White House Economic Adviser Larry Kudlow said on Thursday that the Trump administration was prepared to stretch the talks for "months" and Washington was in no rush to resolve the conflict.
"We are getting close, but we are not there yet," Kudlow said.
As they resumed talks, both sides, however, traded charges over the BRI, President Xi's signature initiative to fund infrastructure development abroad to expand China's influence.
Chinese infrastructure and connectivity projects around the world have an element of "national security" and are less of an economic offer for host countries, US Secretary of State Mike Pompeo said as Beijing is gearing to host the second Belt and Road Forum.
Pompeo Thursday told a Washington audience that China poses security threat to the US, its friends and allies.
"They are moving into the South China Sea is not because they want freedom of navigation. Their efforts to build ports around the world aren't because they want to be good shipbuilders and stewards of waterways, but rather they have a state national security element to each and every one of them," Pompeo said.
The Belt and Road Initiative is no different, he asserted.
Refuting the allegations, Chinese Foreign Ministry spokesman, Geng Shuang told a media briefing here that "for some time, it seems that some US politicians cannot go anywhere without attacking China, tarnishing China's reputation, and sensationalising the so-called "China threat".
"They frame China's development assistance as a 'debt trap' and accuse Chinese enterprises of spying with trumped-up charges. These actions are extremely immoral and unfair," he said.
"I want to stress that a lie, even repeated a thousand times, will still be a lie. Certain people in the US should not overestimate the effectiveness of their rumour-mongering or underestimate other people's ability to make informed judgments," he said.
He said, both Italy and Luxemburg have signed up to BRI which is backed 150 countries and international organisations.
Preparations are underway for the second Belt Road Forum (BRF) to be held here next month to highlight the achievements of BRI, he said.

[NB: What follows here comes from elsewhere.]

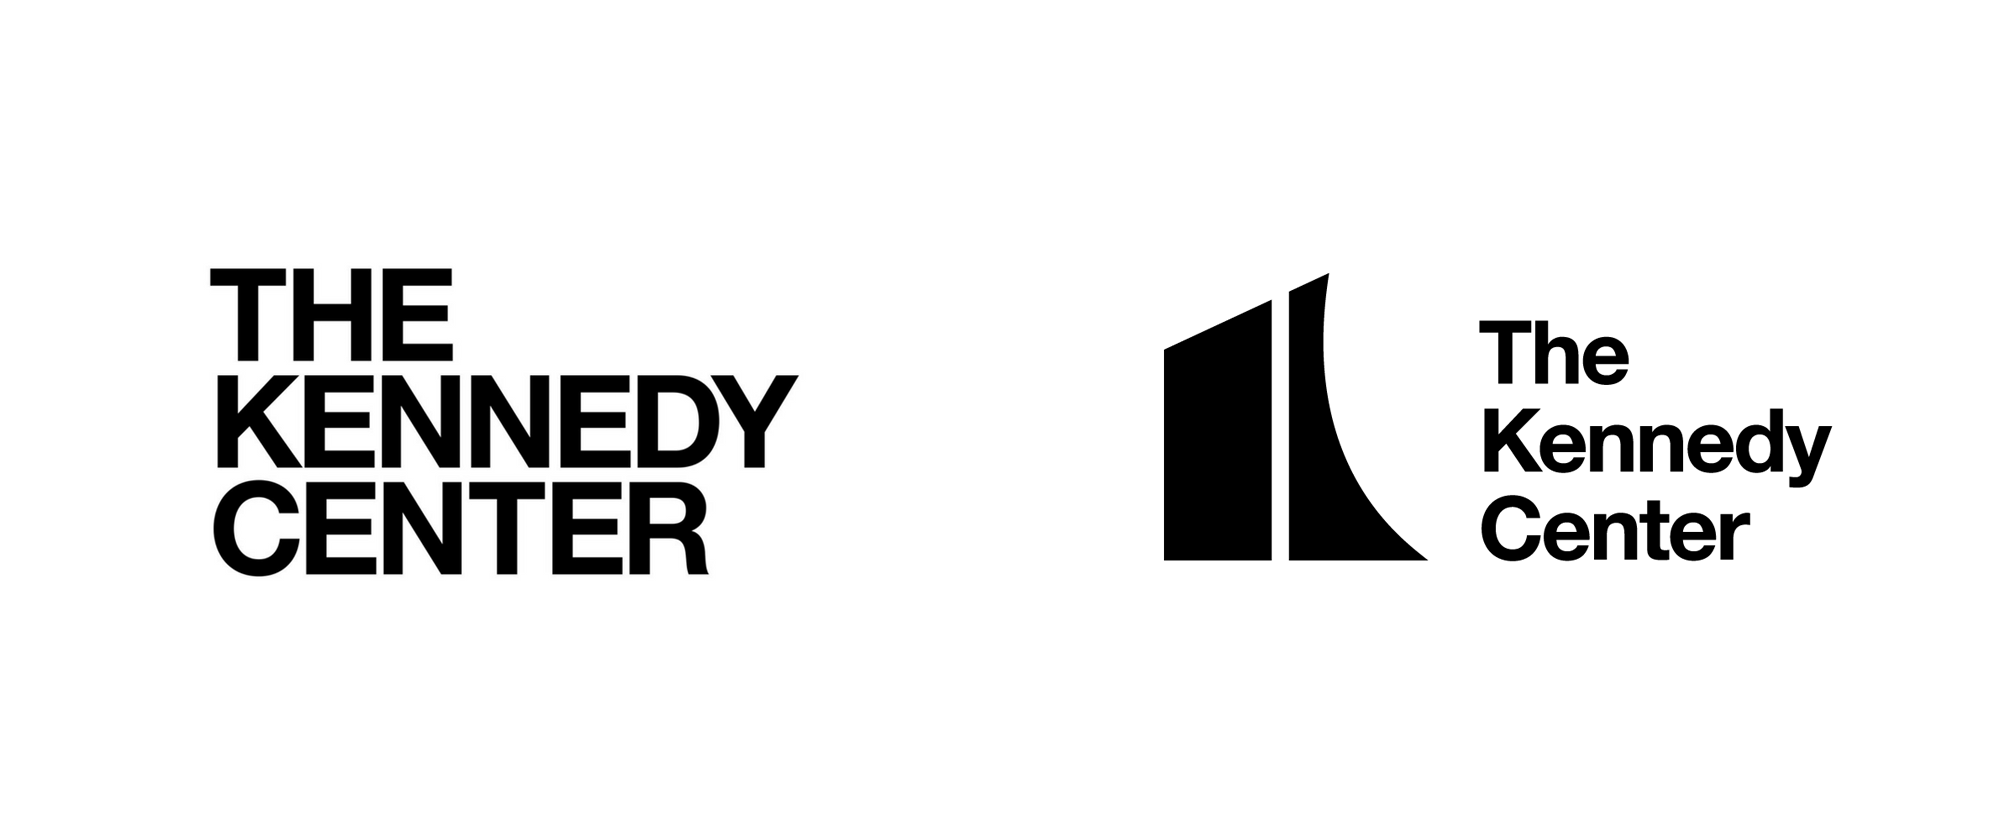 Kennedy Logo - Brand New: New Logo for The Kennedy Center

India did not attend the first BRF held in 2017 and signalled to boycott the second BRF over its objections on the China-Pakistan Economic Corridor.
"To be honest, we have made no secret of our views and our position on BRI is clear and consistent and one that we have conveyed to the authorities concerned, India's Ambassador to China Vikram Misri told the Chinese state-run daily Global Times recently.
"Above all, connectivity initiatives must be pursued in a manner that respects sovereignty, equality and territorial integrity of nations. No country can participate in an initiative that ignores its core concerns on sovereignty and territorial integrity," he said.